Reproduce the listing that follows character for character, excluding its pictures.
:: Dataset section
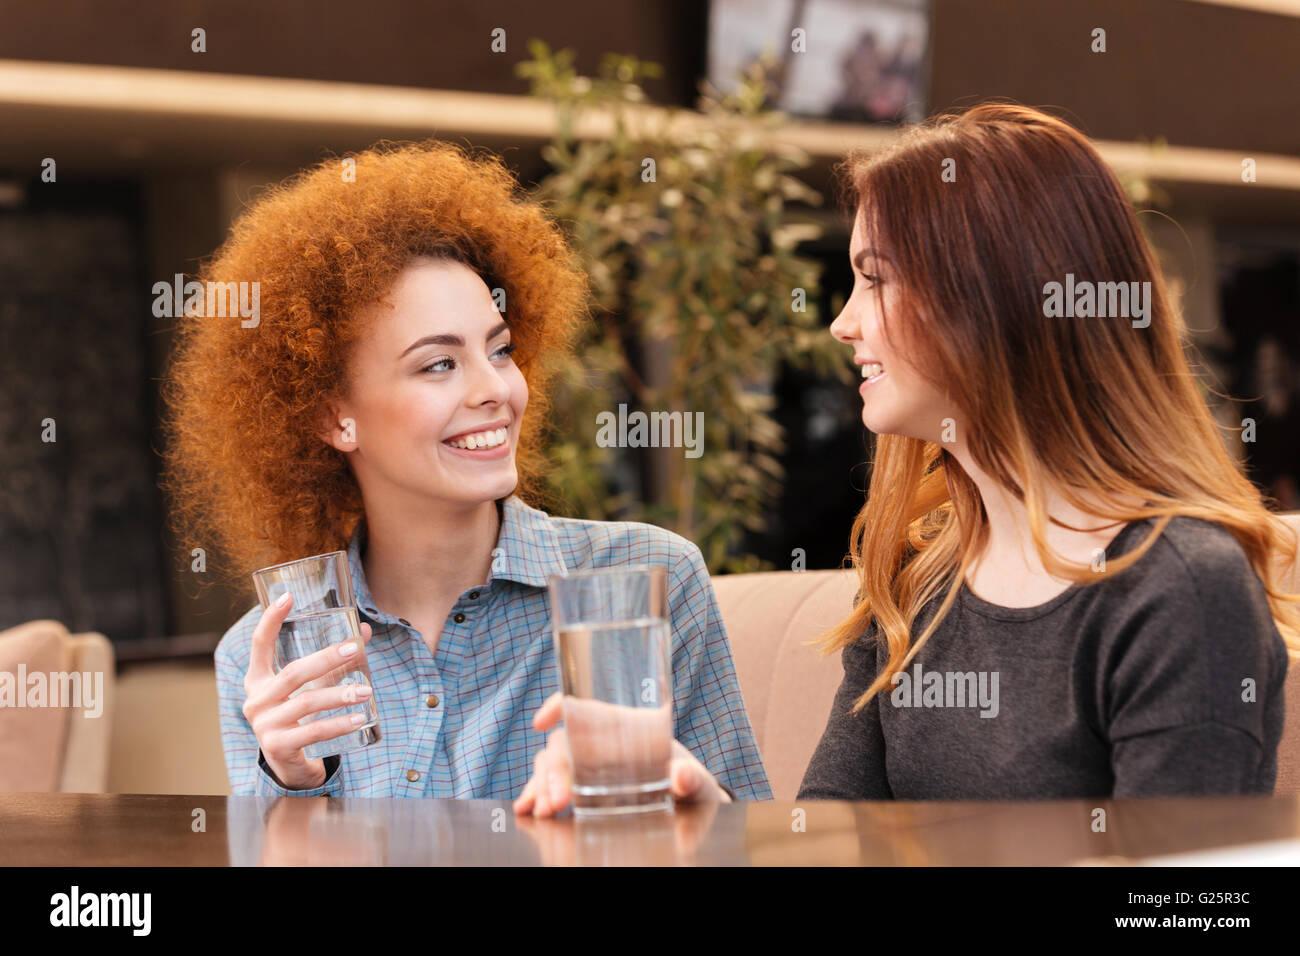 Zwei glückliche attraktive junge Frauen Lächeln und Trinkwasser im café Stockbild
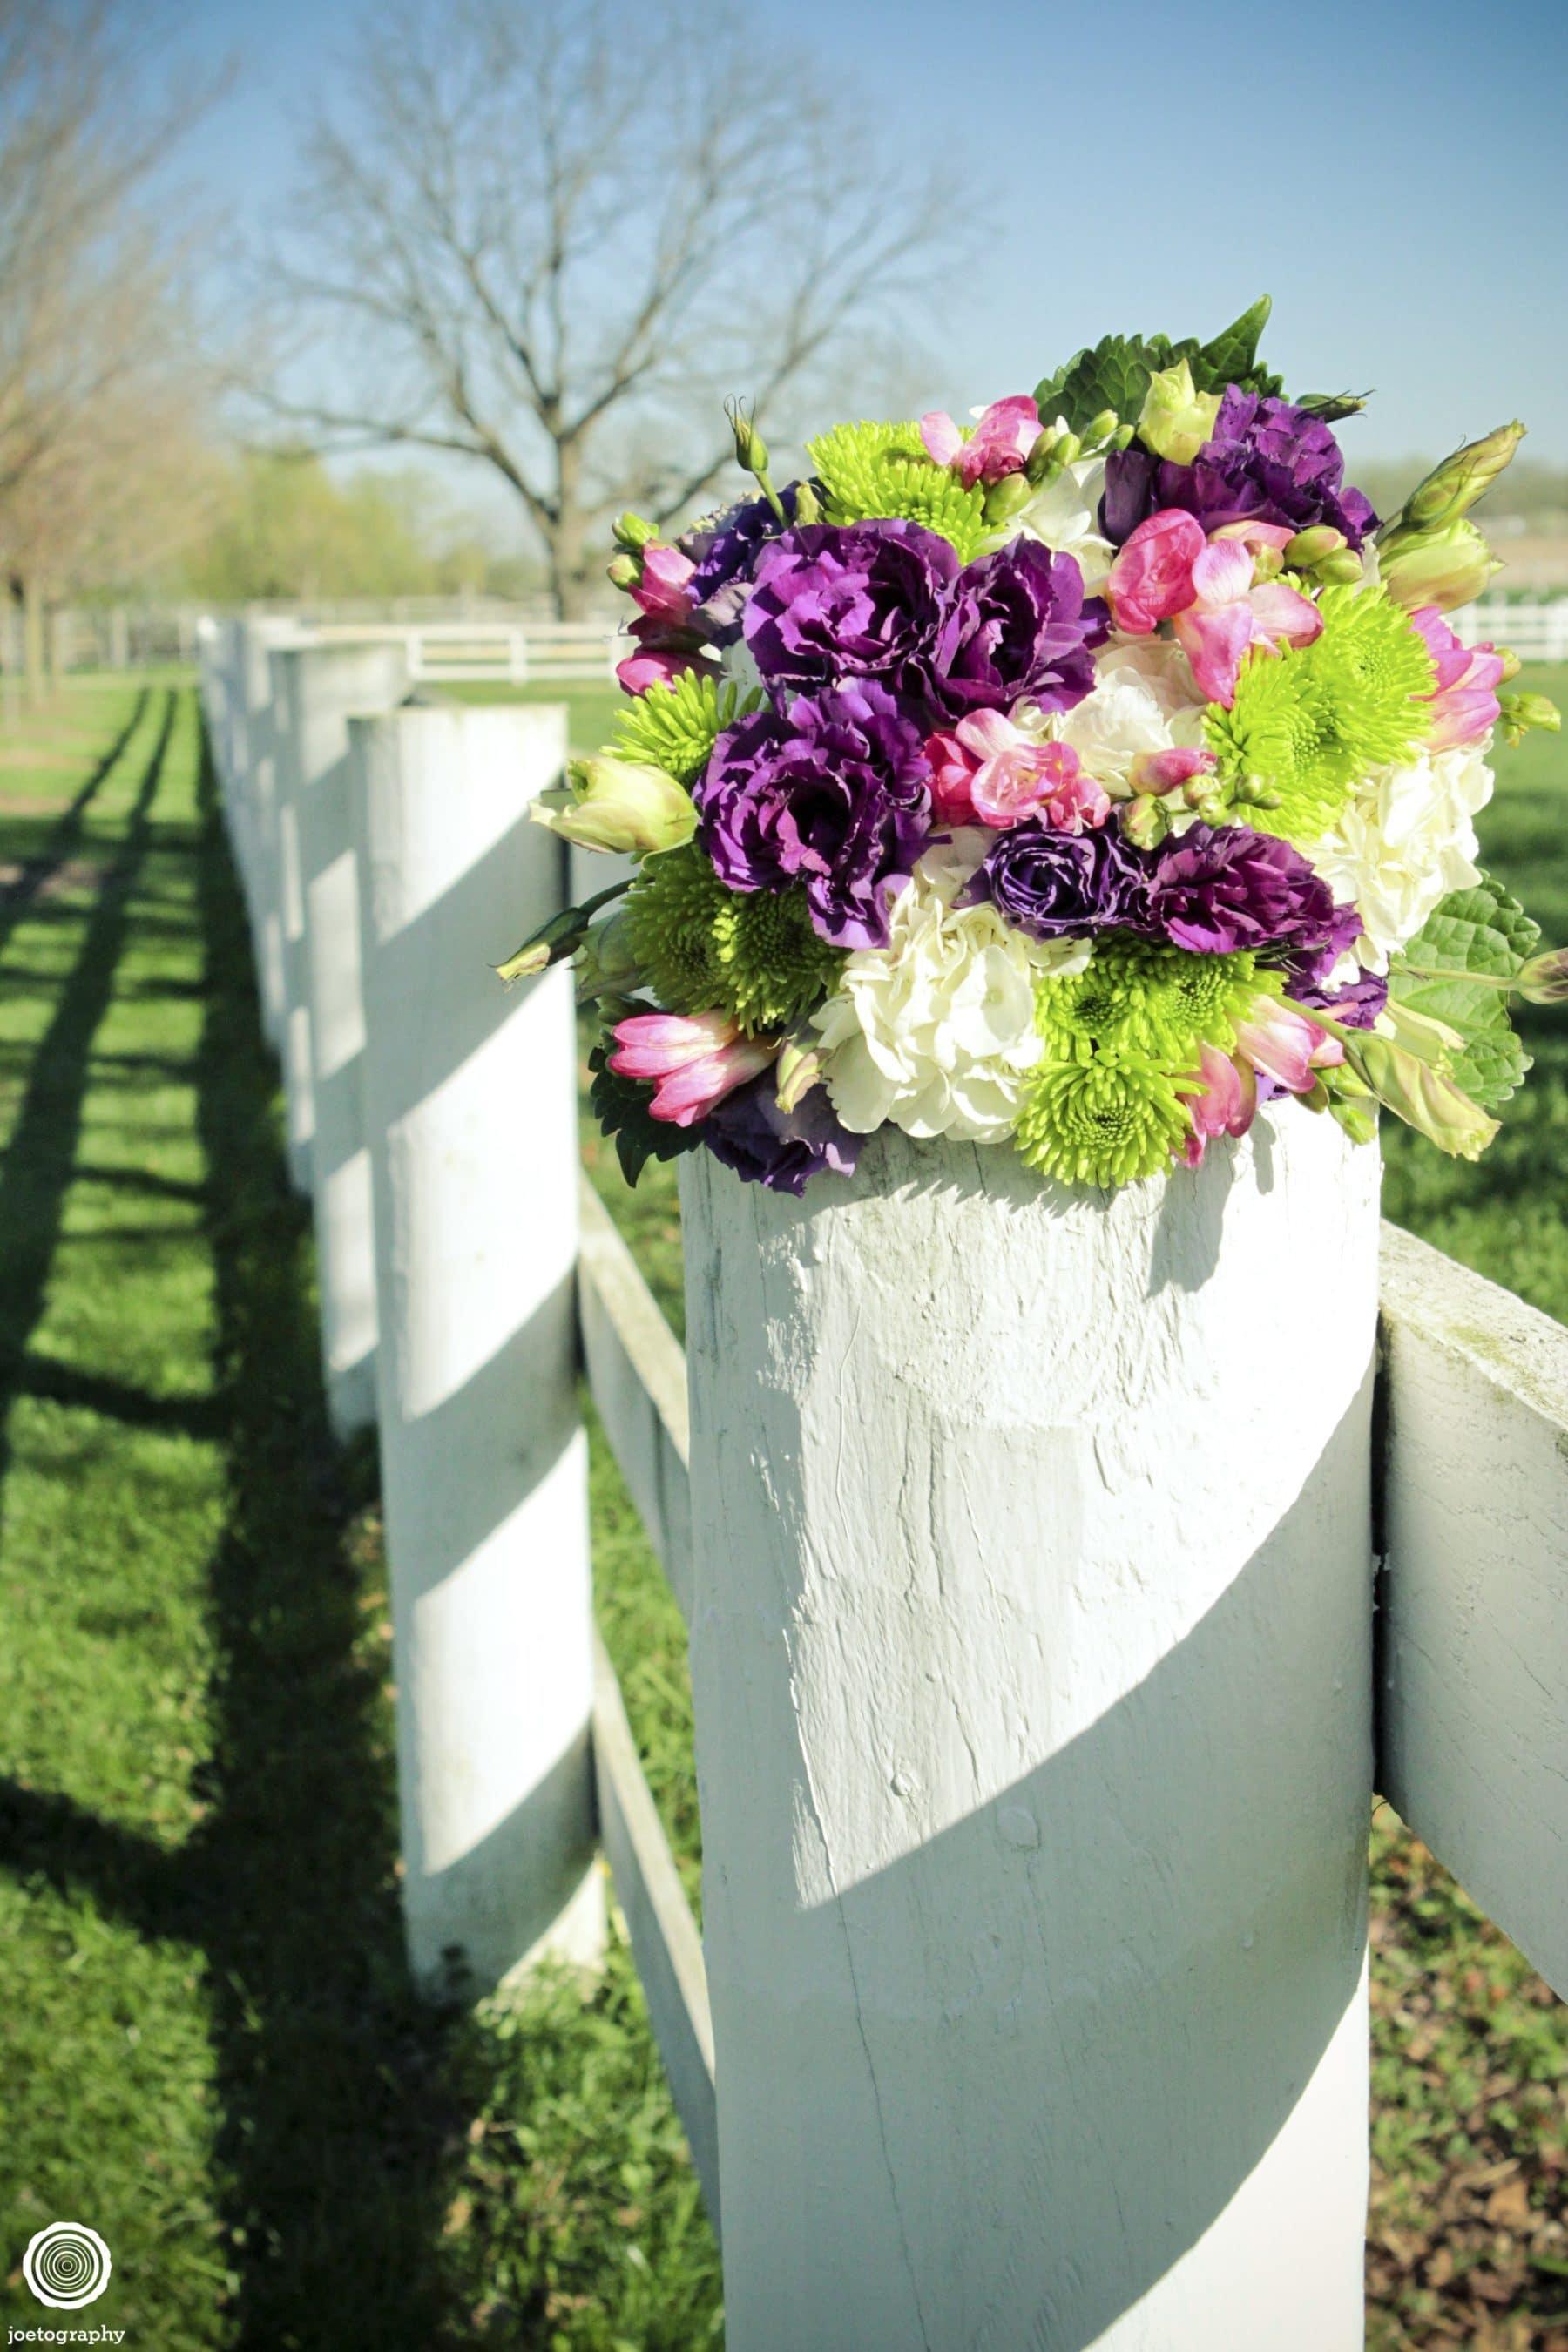 Beedles-Wedding-Photos-Naperville-Illinois-182
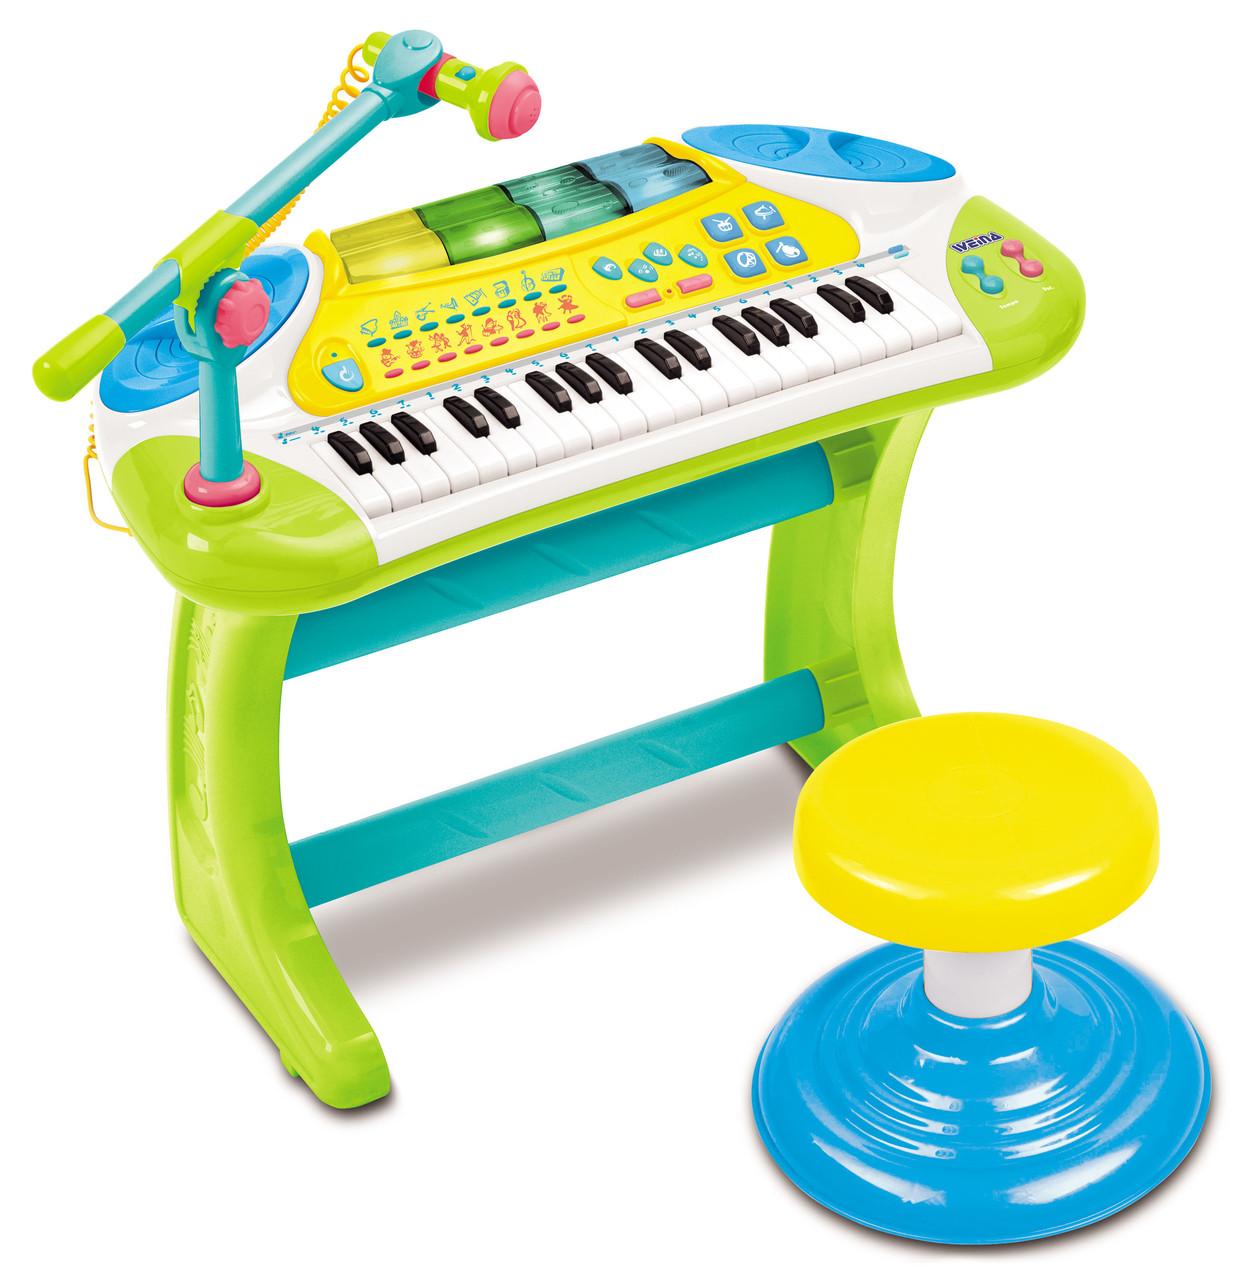 Развивающая игрушка Weina «Электронное пианино» 2079
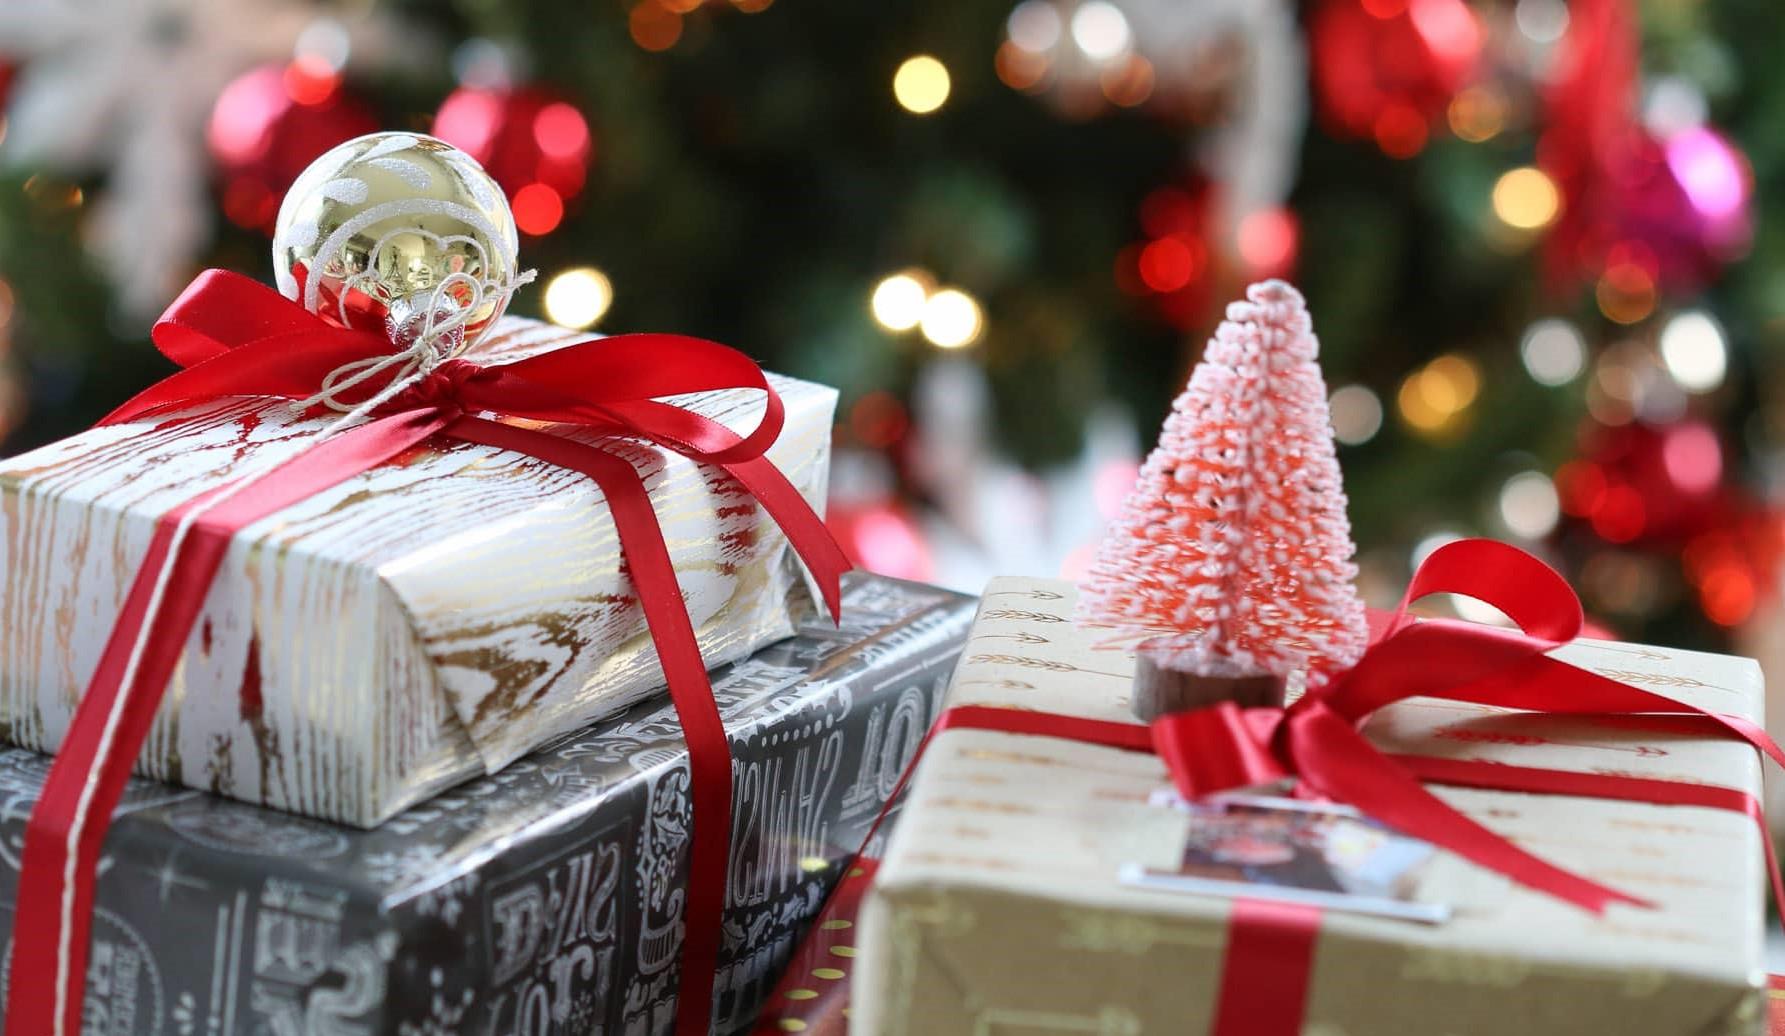 Soyez créatifs lorque vous emballez les cadeaux.
::::
# [Response to this exercise]
 Zwei glückliche attraktive junge Frauen Lächeln und Trinkwasser im café Stockbild
 Beedles-Wedding-Photos-Naperville-Illinois-182
 Развивающая игрушка Weina «Электронное пианино» 2079
 Soyez créatifs lorque vous emballez les cadeaux.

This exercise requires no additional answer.